*** DATA BLOCK
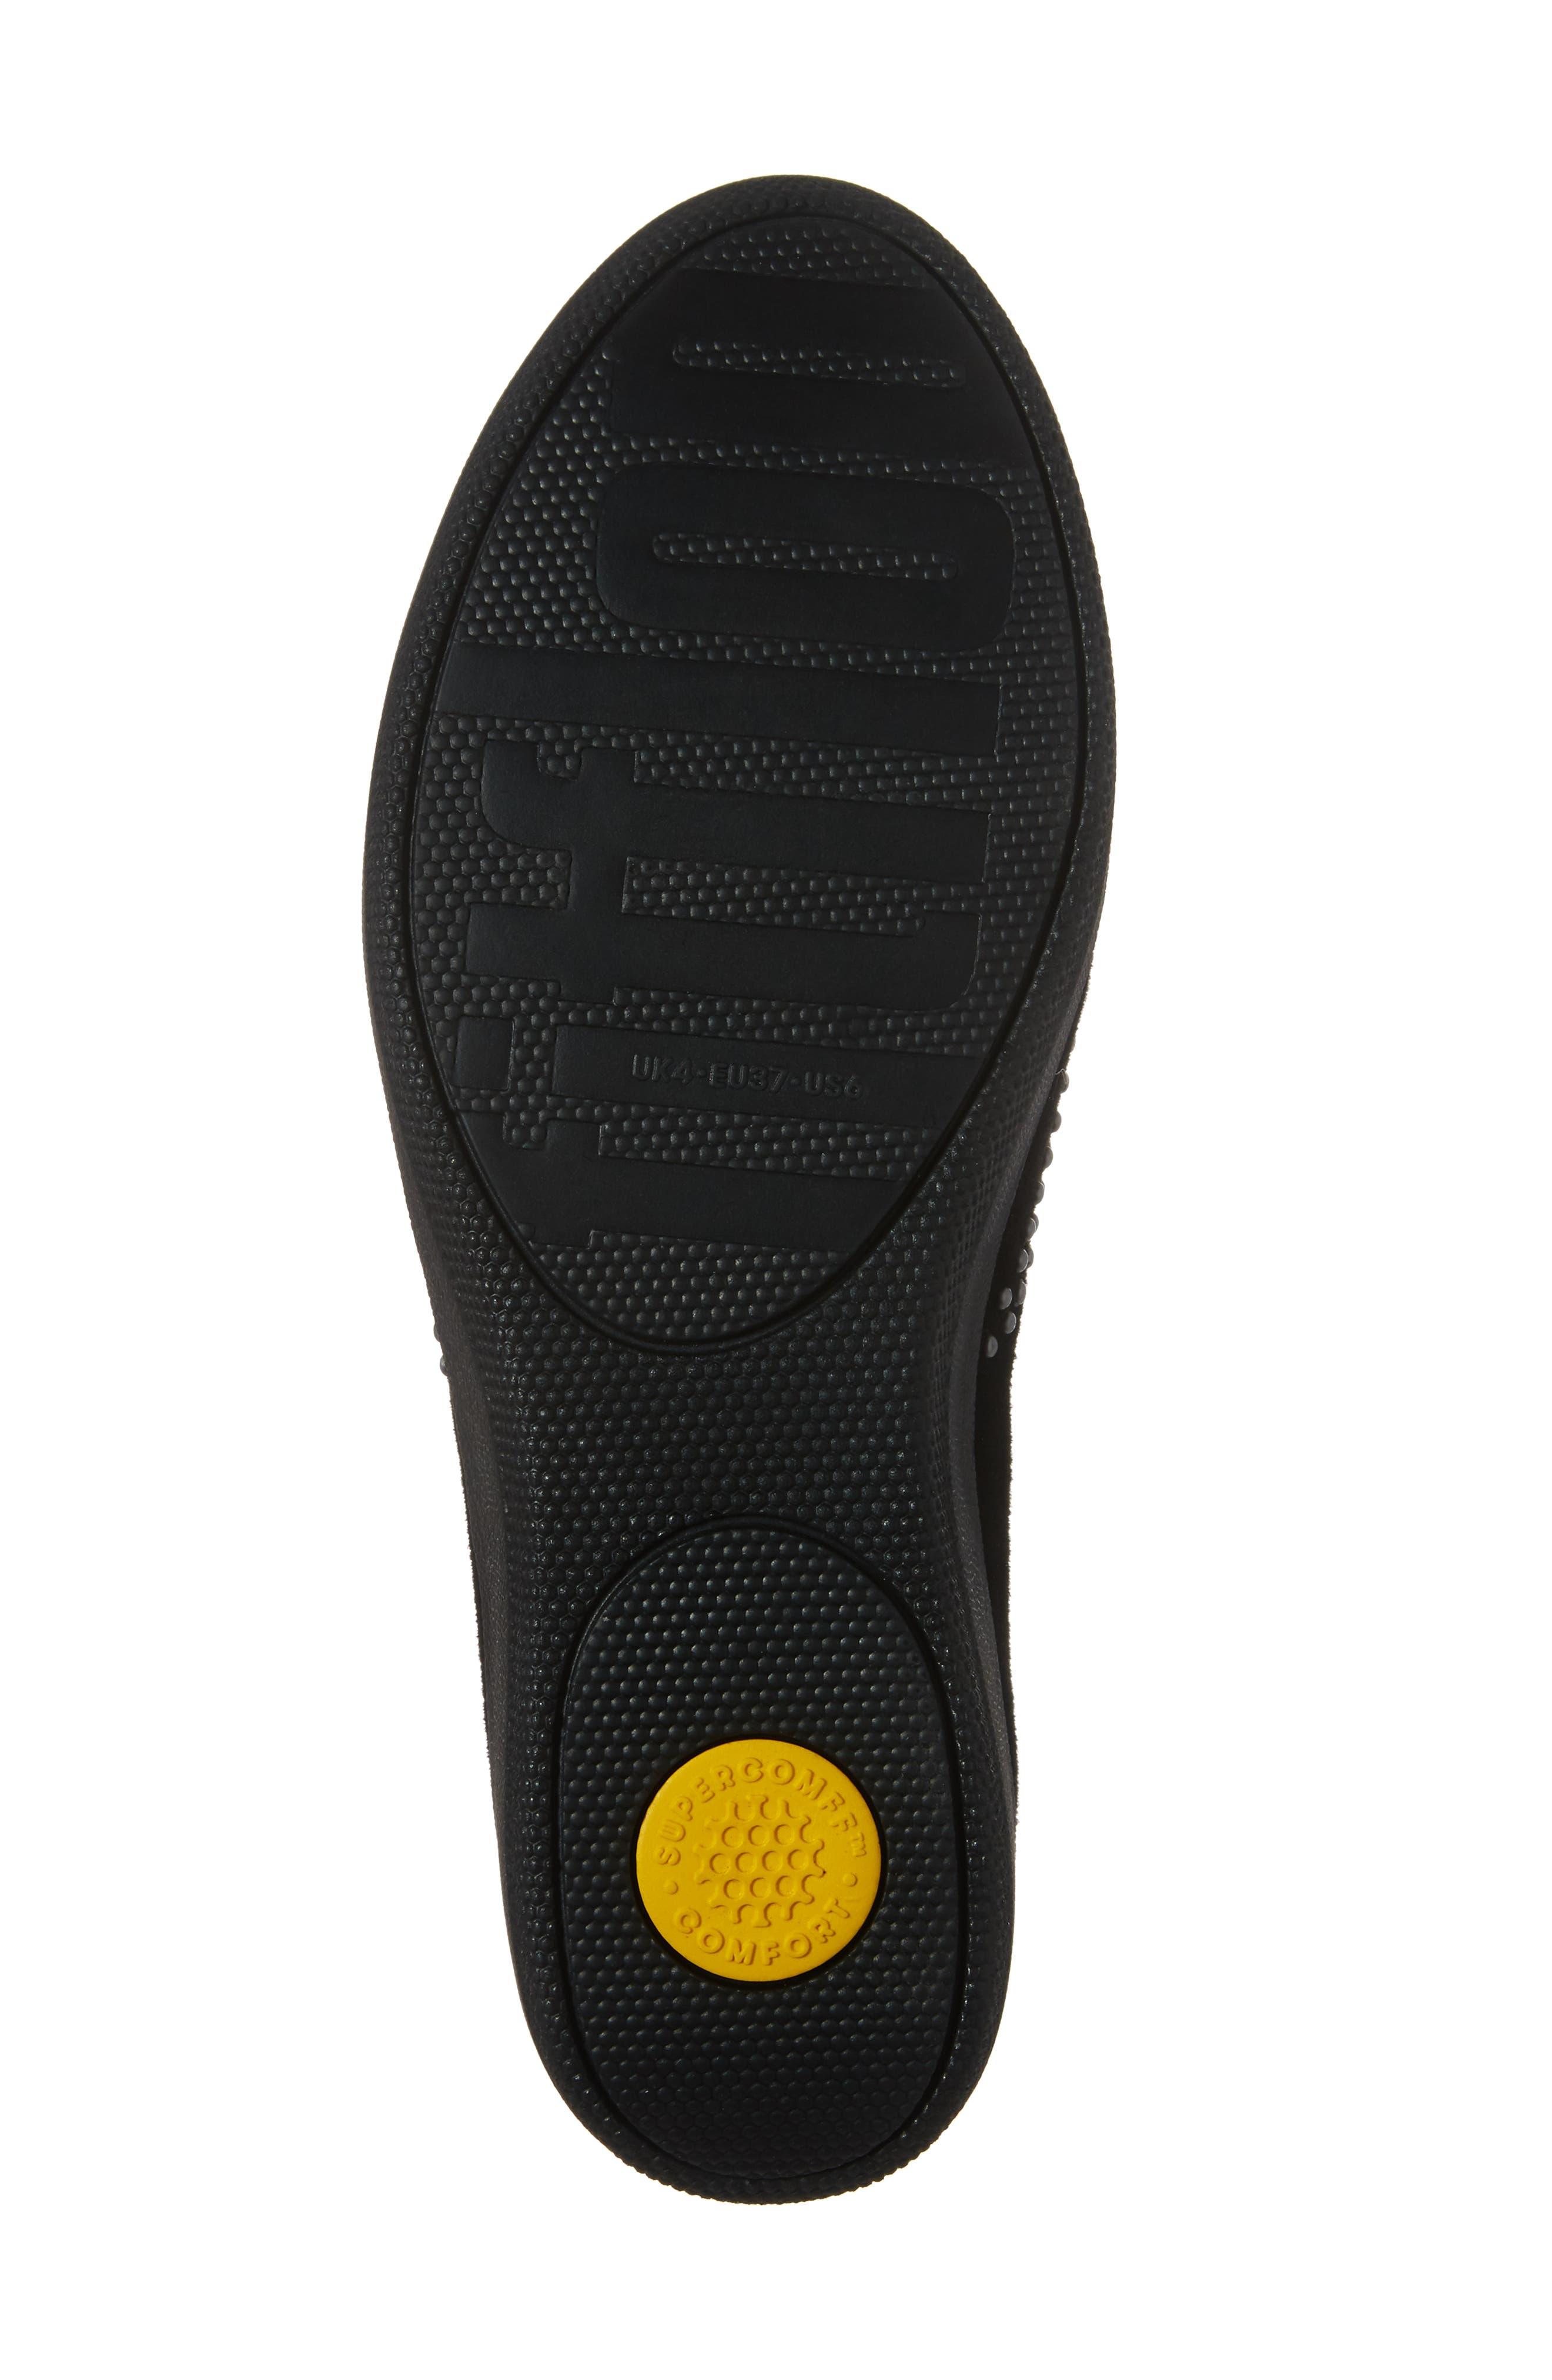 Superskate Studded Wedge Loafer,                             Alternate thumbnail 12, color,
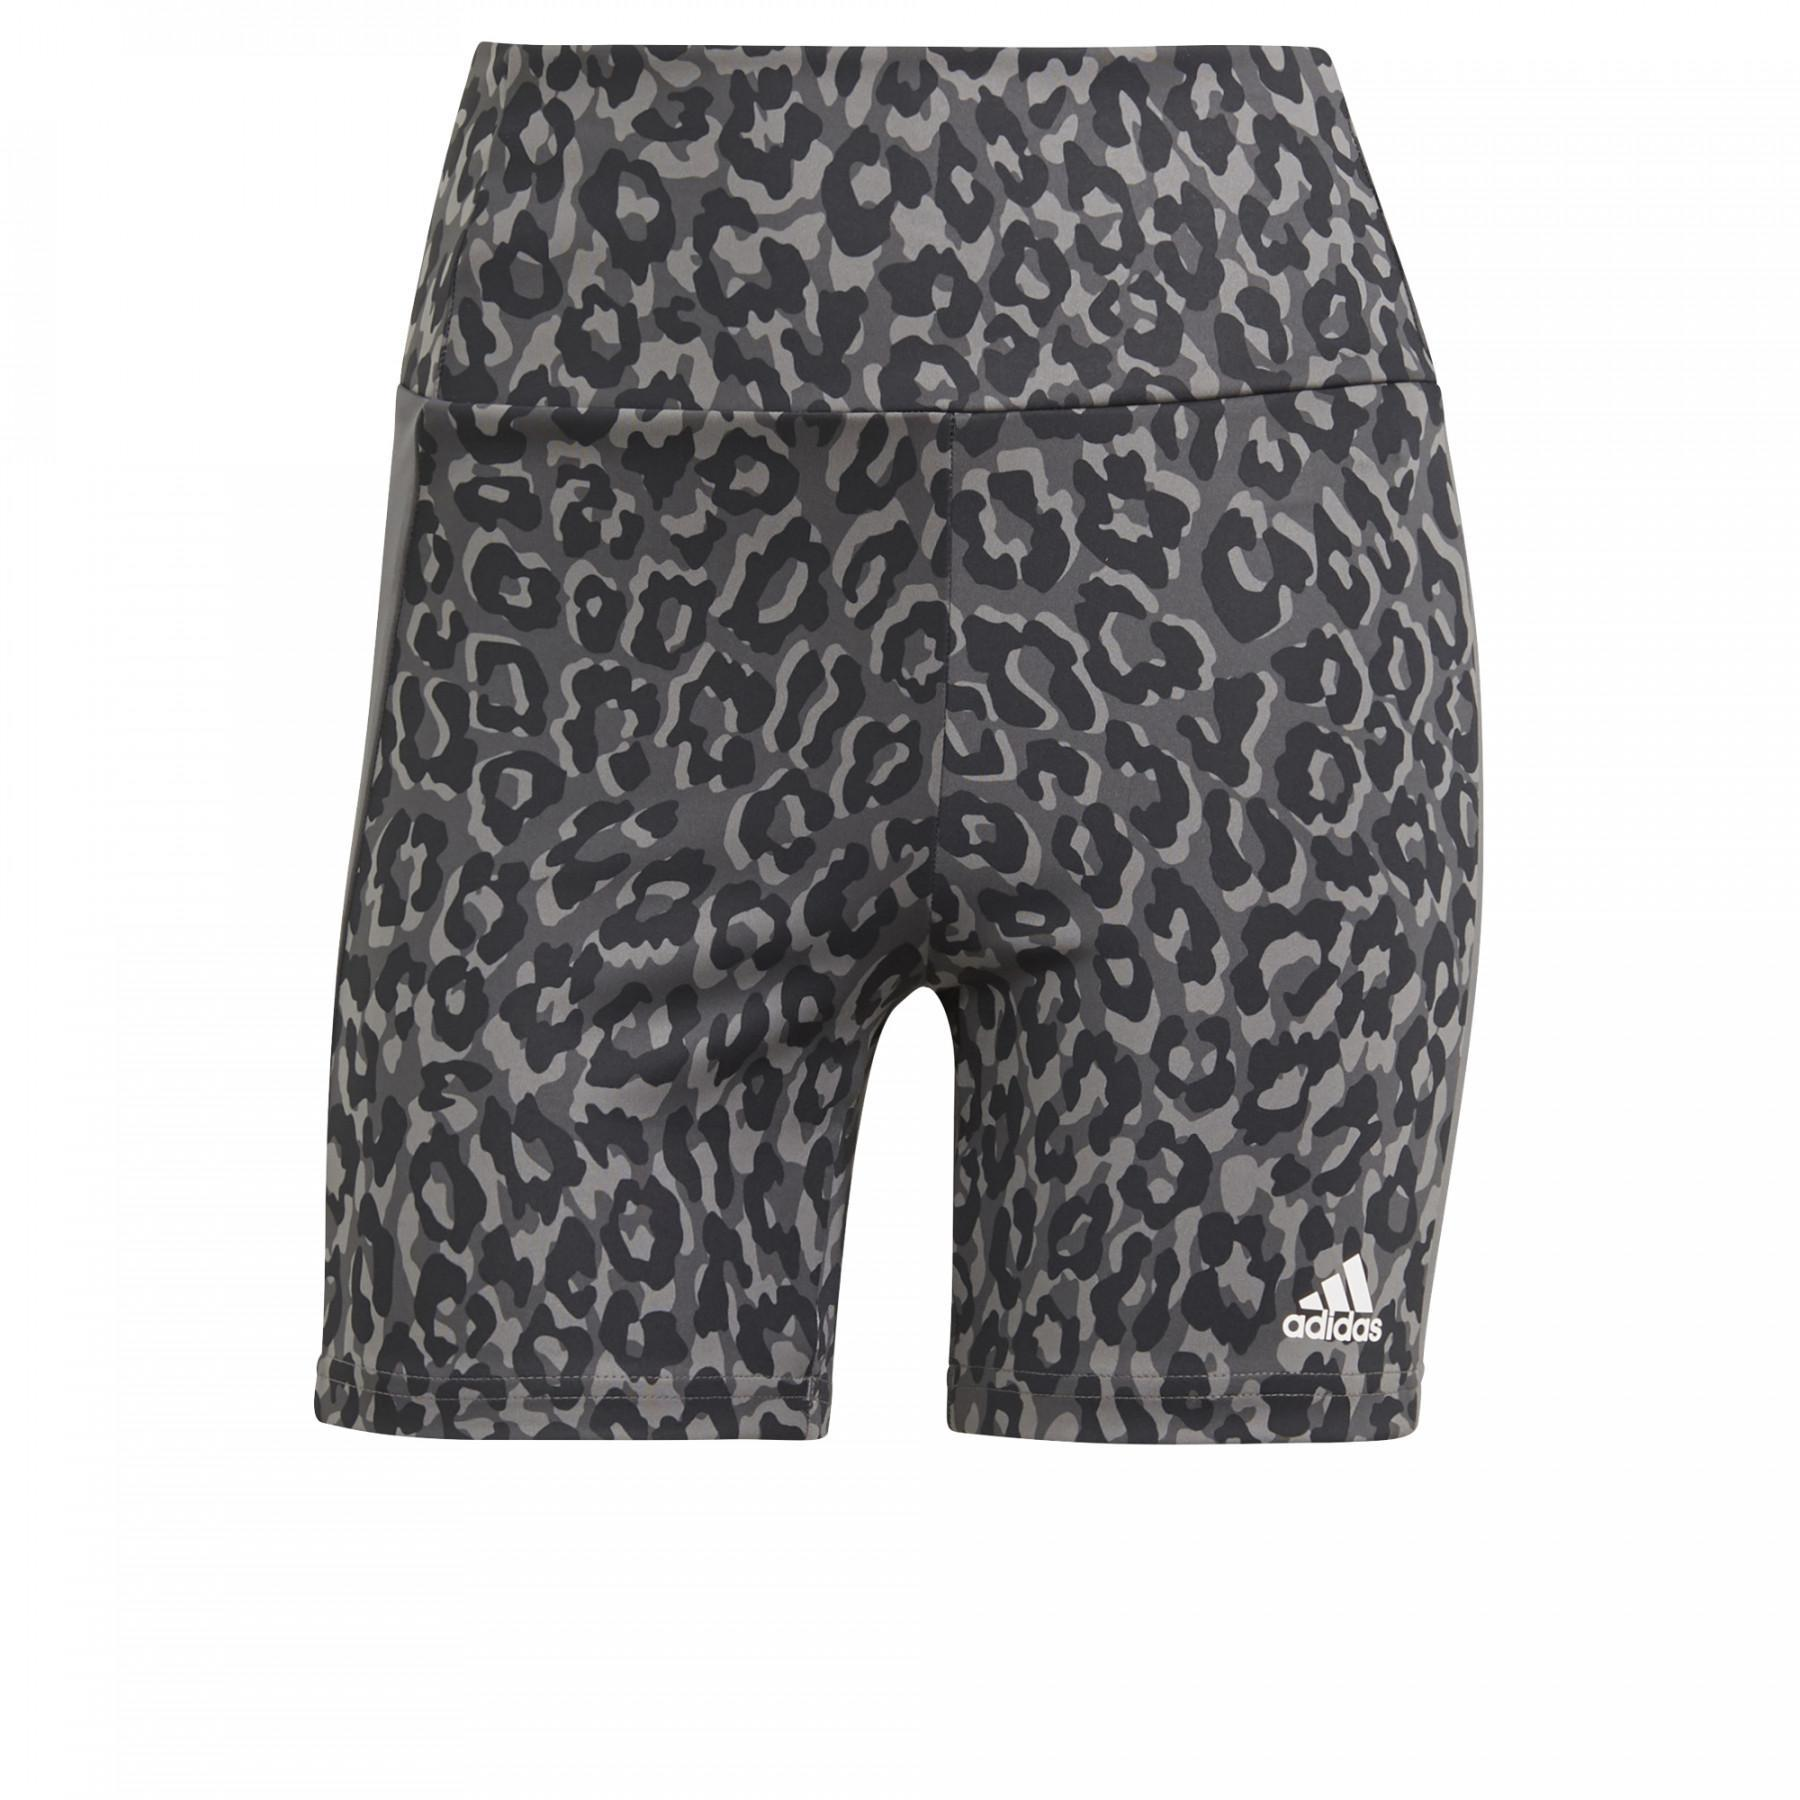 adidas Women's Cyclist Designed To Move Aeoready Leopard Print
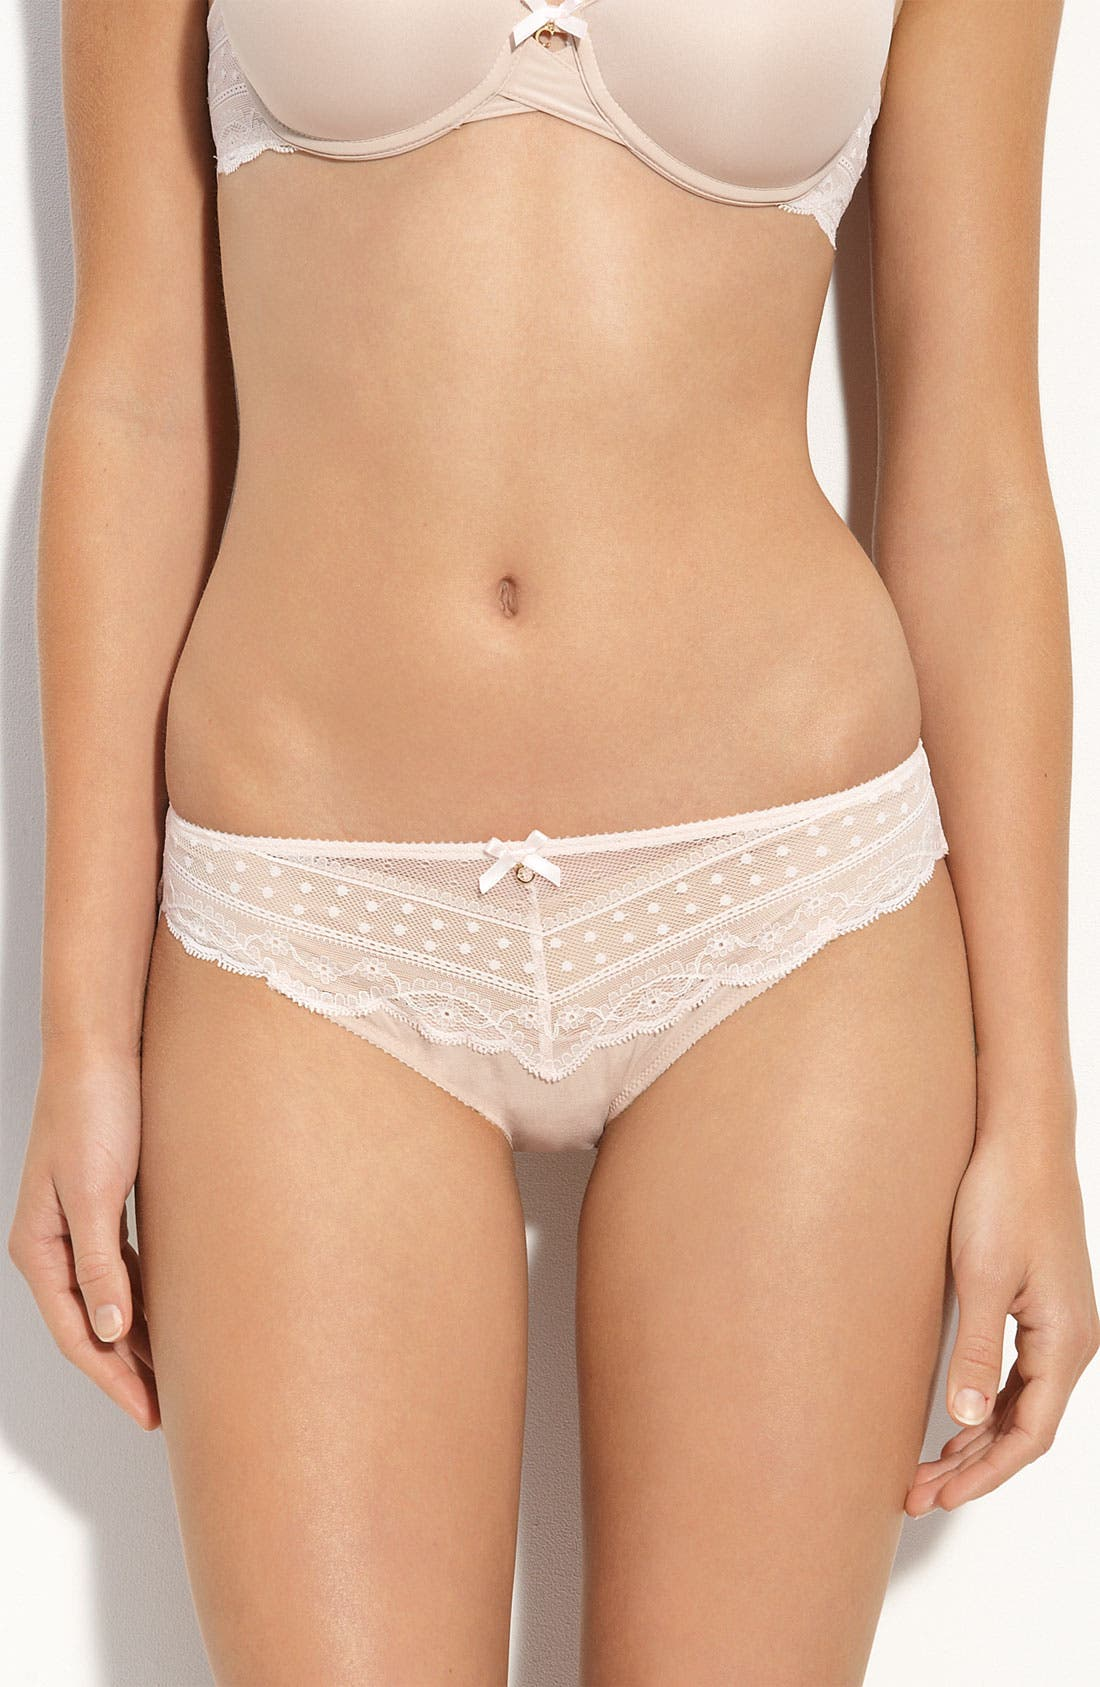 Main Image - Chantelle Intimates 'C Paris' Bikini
******
## WORK TO COMPLETE
Return all the data exactly, pictures omitted.

## PROBLEM SOLUTION
 Superskate Studded Wedge Loafer,                             Alternate thumbnail 12, color,
 adidas Women's Cyclist Designed To Move Aeoready Leopard Print
 Main Image - Chantelle Intimates 'C Paris' Bikini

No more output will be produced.